Agreed. If the csum_not_inet means it is a crc32 checksum then we
could just look at the offsets and as long as they are correct for
sctp we could just go forward with what we have.

> >

> > > v1->v2:

> > >   - improve the changelog.

> > >   - fix "rev xmas tree" in varibles declaration.

> > >

> > > Signed-off-by: Xin Long <lucien.xin@gmail.com>

> > > ---

> > >  net/ipv4/gre_offload.c | 15 ++++-----------

> > >  1 file changed, 4 insertions(+), 11 deletions(-)

> > >

> > > diff --git a/net/ipv4/gre_offload.c b/net/ipv4/gre_offload.c

> > > index e0a2465..a681306 100644

> > > --- a/net/ipv4/gre_offload.c

> > > +++ b/net/ipv4/gre_offload.c

> > > @@ -15,10 +15,10 @@ static struct sk_buff *gre_gso_segment(struct sk_buff *skb,

> > >                                        netdev_features_t features)

> > >  {

> > >         int tnl_hlen = skb_inner_mac_header(skb) - skb_transport_header(skb);

> > > -       bool need_csum, need_recompute_csum, gso_partial;

> > >         struct sk_buff *segs = ERR_PTR(-EINVAL);

> > >         u16 mac_offset = skb->mac_header;

> > >         __be16 protocol = skb->protocol;

> > > +       bool need_csum, gso_partial;

> > >         u16 mac_len = skb->mac_len;

> > >         int gre_offset, outer_hlen;

> > >

> > > @@ -41,10 +41,11 @@ static struct sk_buff *gre_gso_segment(struct sk_buff *skb,

> > >         skb->protocol = skb->inner_protocol;

> > >

> > >         need_csum = !!(skb_shinfo(skb)->gso_type & SKB_GSO_GRE_CSUM);

> > > -       need_recompute_csum = skb->csum_not_inet;

> > >         skb->encap_hdr_csum = need_csum;

> > >

> > >         features &= skb->dev->hw_enc_features;

> > > +       /* CRC checksum can't be handled by HW when SCTP is the inner proto. */

> > > +       features &= ~NETIF_F_SCTP_CRC;

> > >

> > >         /* segment inner packet. */

> > >         segs = skb_mac_gso_segment(skb, features);

> >

> > Do we have NICs that are advertising NETIF_S_SCTP_CRC as part of their

> > hw_enc_features and then not supporting it? Based on your comment

> Yes, igb/igbvf/igc/ixgbe/ixgbevf, they have a similar code of SCTP

> proto validation.


Yeah, it is old code. It was added in 4.6 before tunnels supported
SCTP_CRC I am guessing. It looks like csum_not_inet wasn't added until
4.13. So it would probably be best to fix the drivers since the driver
code is outdated.

> > above it seems like you are masking this out because hardware is

> > advertising features it doesn't actually support. I'm just wondering

> > if that is the case or if this is something where this should be

> > cleared if need_csum is set since we only support one level of

> > checksum offload.

> Since only these drivers only do SCTP proto validation, and "only

> one level checksum offload" issue only exists when inner packet

> is SCTP packet, clearing NETIF_F_SCTP_CRC should be enough.

>

> But seems to fix the drivers will be better, as hw_enc_features should

> tell the correct features for inner proto. wdyt?

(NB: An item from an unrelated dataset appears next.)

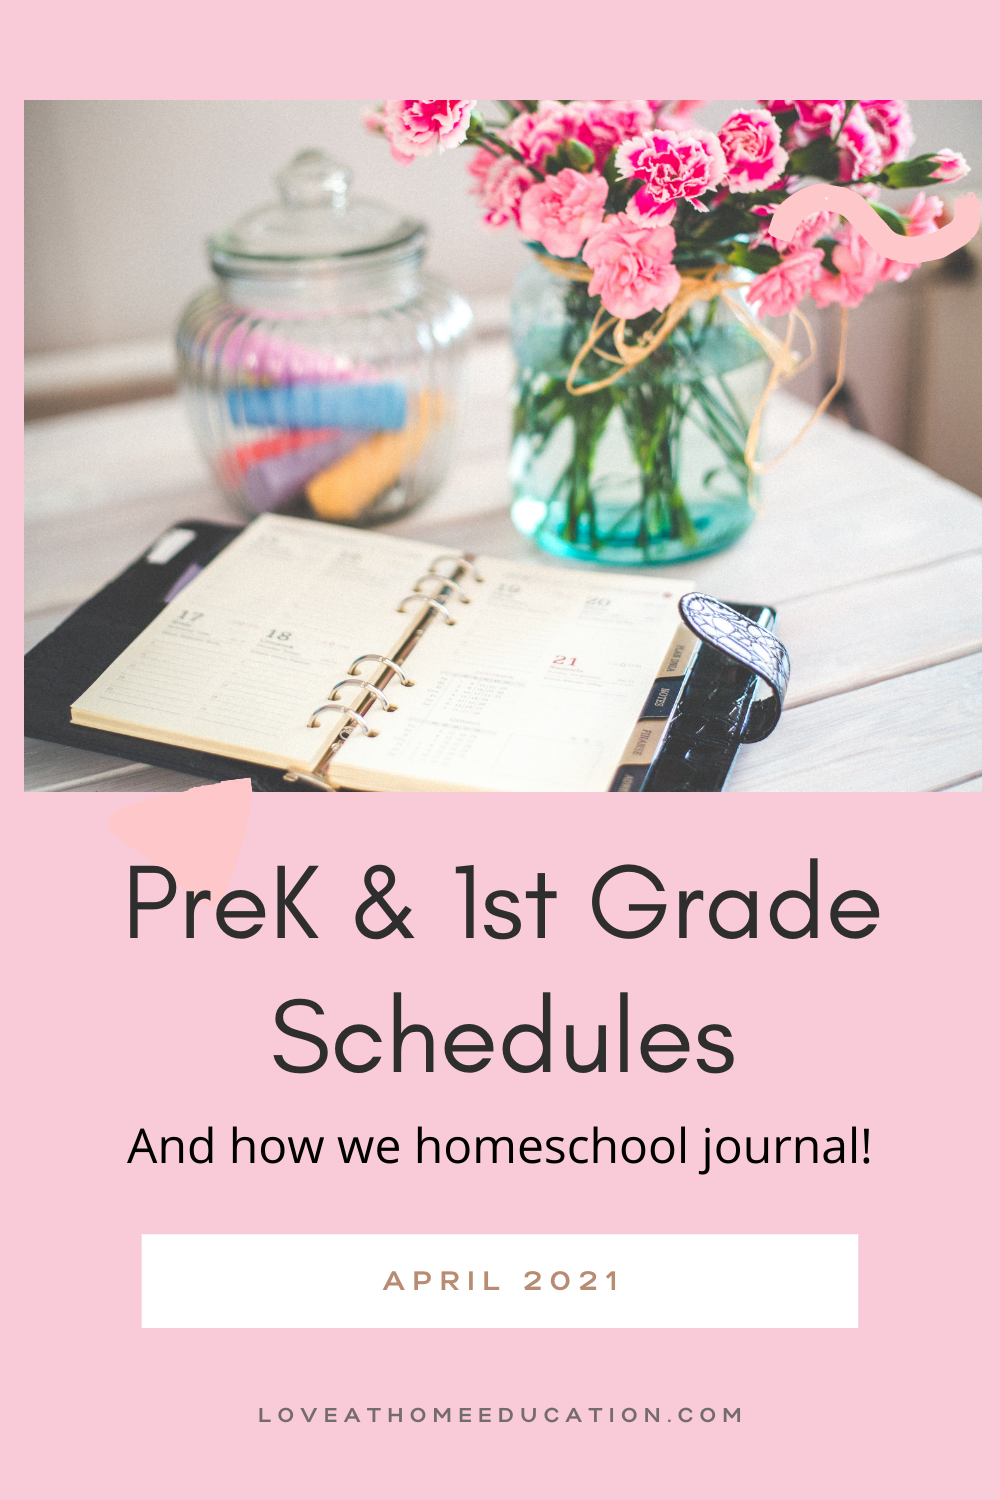 PreK & 1st Grade- A Look Back on Our Schedules & How We Keep a Homeschool Journal

Yes, it would be better to fix the drivers. However the one limitation
is that this will only work when we don't have an outer checksum in
place. If we have an outer checksum then we have to compute the crc32
checksum and then offload the outer checksum if we can.

> (Just note udp tunneling SCTP doesn't have this issue, as the outer

>  udp checksum is always required by RFC)


Thanks. I wasn't aware of that.

> >

> > > @@ -99,15 +100,7 @@ static struct sk_buff *gre_gso_segment(struct sk_buff *skb,

> > >                 }

> > >

> > >                 *(pcsum + 1) = 0;

> > > -               if (need_recompute_csum && !skb_is_gso(skb)) {

> > > -                       __wsum csum;

> > > -

> > > -                       csum = skb_checksum(skb, gre_offset,

> > > -                                           skb->len - gre_offset, 0);

> > > -                       *pcsum = csum_fold(csum);

> > > -               } else {

> > > -                       *pcsum = gso_make_checksum(skb, 0);

> > > -               }

> > > +               *pcsum = gso_make_checksum(skb, 0);

> > >         } while ((skb = skb->next));

> > >  out:

> > >         return segs;

> > > --

> > > 2.1.0

> > >
Xin Long Jan. 13, 2021, 9:46 a.m. UTC | #4
On Wed, Jan 13, 2021 at 10:11 AM Alexander Duyck
<alexander.duyck@gmail.com> wrote:
>

> On Mon, Jan 11, 2021 at 9:14 PM Xin Long <lucien.xin@gmail.com> wrote:

> >

> > On Tue, Jan 12, 2021 at 12:48 AM Alexander Duyck

> > <alexander.duyck@gmail.com> wrote:

> > >

> > > On Mon, Jan 11, 2021 at 5:22 AM Xin Long <lucien.xin@gmail.com> wrote:

> > > >

> > > > This patch is to let it always do CRC checksum in sctp_gso_segment()

> > > > by removing CRC flag from the dev features in gre_gso_segment() for

> > > > SCTP over GRE, just as it does in Commit 527beb8ef9c0 ("udp: support

> > > > sctp over udp in skb_udp_tunnel_segment") for SCTP over UDP.

> > > >

> > > > It could set csum/csum_start in GSO CB properly in sctp_gso_segment()

> > > > after that commit, so it would do checksum with gso_make_checksum()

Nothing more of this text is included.